* **Task to complete**: From the material below, please set down exactly the lines starting with the one with "Vintage Bootleg Neon" and going on through the one with "icono de vector", without a single picture.

* **Data to examine**:
------------------------------------------------------------
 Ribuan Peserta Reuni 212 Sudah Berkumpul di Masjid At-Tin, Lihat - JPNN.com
------------------------------------------------------------
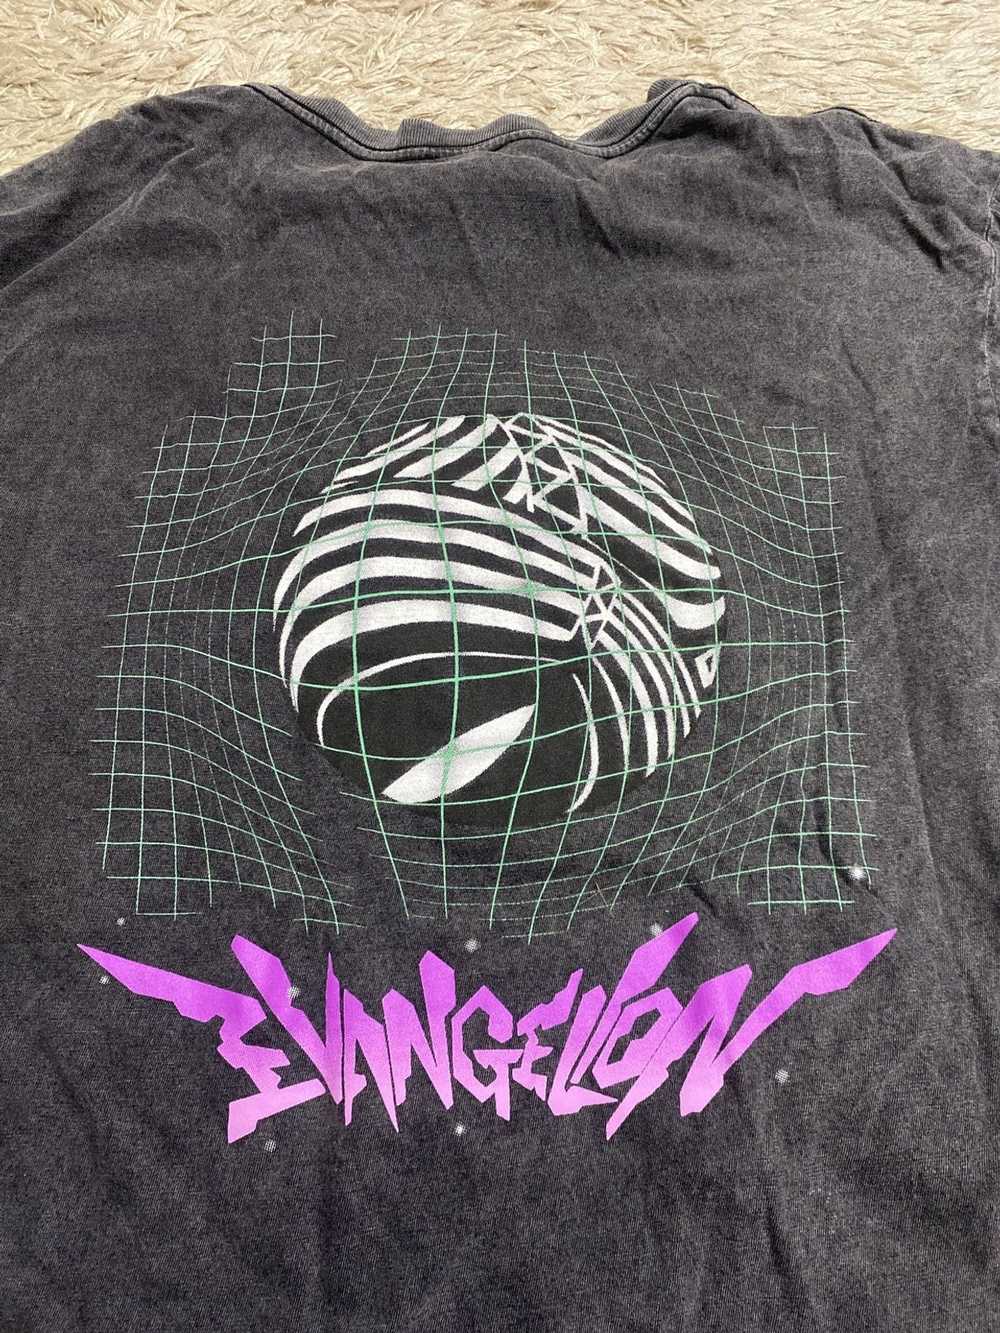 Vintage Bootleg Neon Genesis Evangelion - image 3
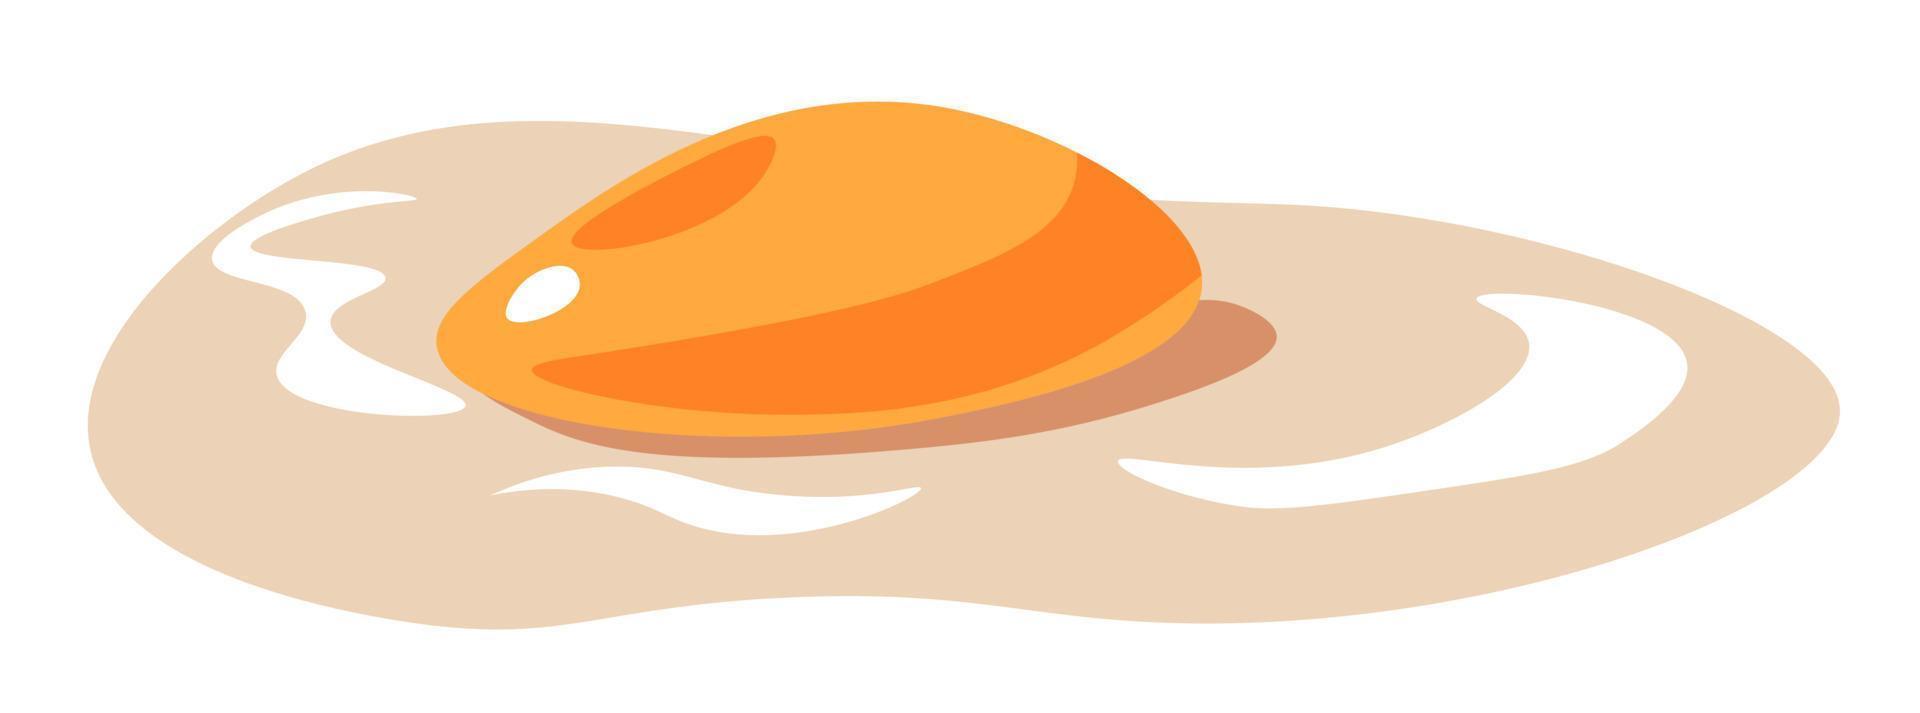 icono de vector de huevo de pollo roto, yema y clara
------------------------------------------------------------
* **Exercise response**:
 Vintage Bootleg Neon Genesis Evangelion - image 3
 icono de vector de huevo de pollo roto, yema y clara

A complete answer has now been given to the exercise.